US marines began the latest in a series of operations Saturday to root out insurgents who have infiltrated remote towns along the Syrian border. But if past offenses in the region are any lesson, the hardest part may be keeping insurgents from returning once the fighting has stopped.

In the first days of Operation Iron Fist, US troops killed at least eight insurgents in gun battles that broke out as they scoured the small town of Sadah, located near Qaim in Anbar Province. The remote border town was abandoned by most of its 2,000 residents as they were forewarned of the battle by the Americans.

Some 1,000 marines, soldiers, and sailors engaged in the operation that is a smaller part of Operation Hunter meant to stabilize the troubled Euphrates River Valley before the Oct. 15 constitutional referendum, which Sunni insurgents have vowed to disrupt.

The operation in Sadah, comes on the heels of similar battles in Qaim and, farther north, Tal Afar. The towns run along the Syrian border that is seen as a gateway for fighters and funds supporting the insurgency. The Marines said Sadah and the surrounding area is a "known terrorist sanctuary."

According to one senior US marine commander, insurgents connected to militant leader Abu Musab al-Zarqawi have overrun at least five towns along the border of Syria, the San Francisco Chronicle reported last week. They have taken over the towns, caused residents to flee, and established strict Islamic law there, the Chronicle reported.

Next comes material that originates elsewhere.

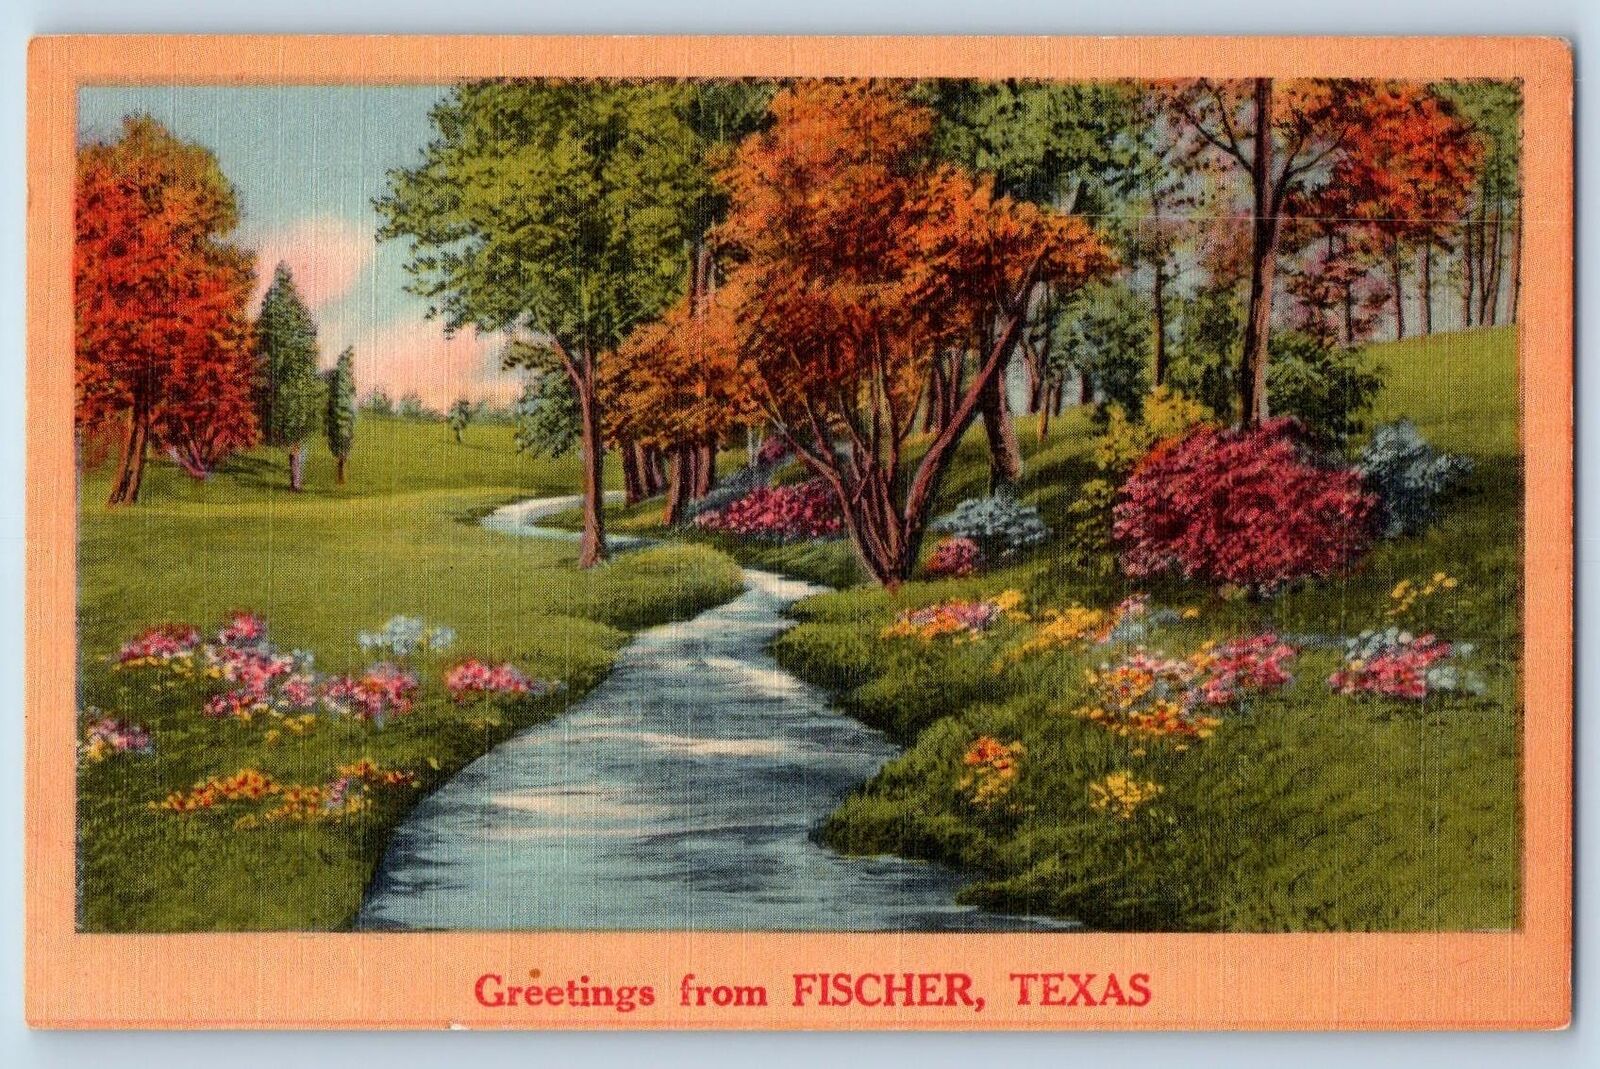 Fischer Texas TX Postcard Greetings River And Trees Scenic View c1940's Vintage

Mr. Zarqawi, who leads Al Qaeda in Iraq, has controlled the towns for about a month, the commander said.

The operation in Sadah comes just four months after two sieges on neighboring Qaim were meant to rid the area of insurgents. In Tal Afar, after a siege involving thousands of US and Iraqi troops in which the military said it killed some 150 insurgents in September, a female suicide bomber blew herself up there near Iraqi Army recruits last week.

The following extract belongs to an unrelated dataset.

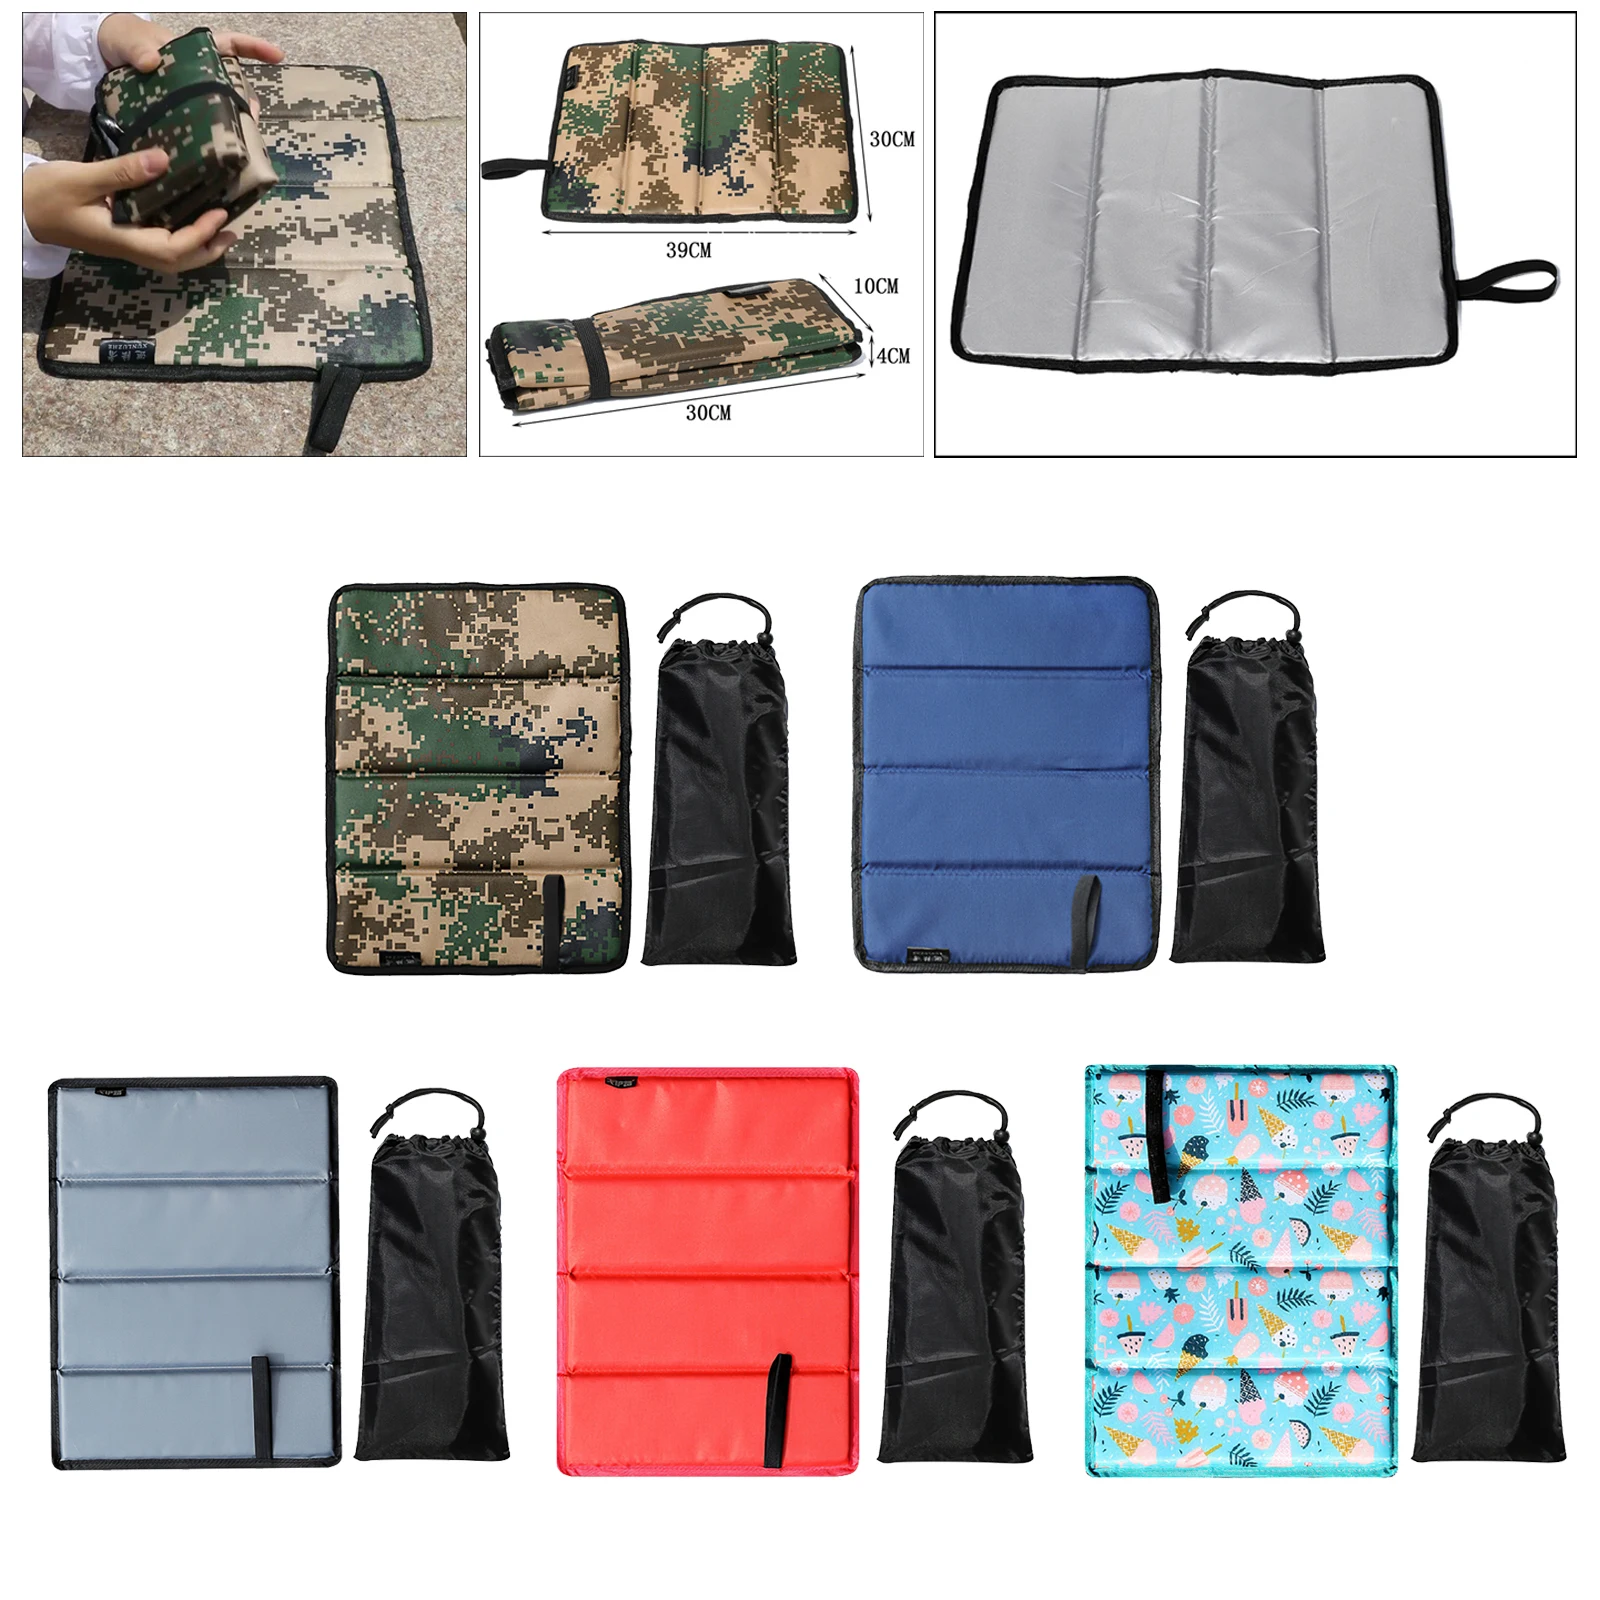 Foldable Seat Pad Camping Foam Seat Cushion Sitting Mat Portable Beach Pad for Outdoor Camping Hiking Travel BBQ Picnic

"In the case of Iraq they must maintain a ground presence," says Rohan Gunaratna, a terrorism expert at the Institute of Defense and Strategic Studies in Singapore. "Otherwise they are only killing a few insurgents."

The nearly 150,000 US troops in Iraq are not enough to maintain security in the towns they wrest from insurgent control, says Mr. Gunaratna.

"I think if they are going to maintain a ground presence they will have to bring in more troops. But these should be from the UN, Muslim countries, and European countries," Gunaratna says. "If they were just American troops they will be killed because they are not liked by the Iraqis."

Convincing other countries to contribute more troops to Iraq would be an uphill battle for the Bush administration as the number of countries participating in the coalition in Iraq has already grown steadily smaller since the US-led invasion in 2003.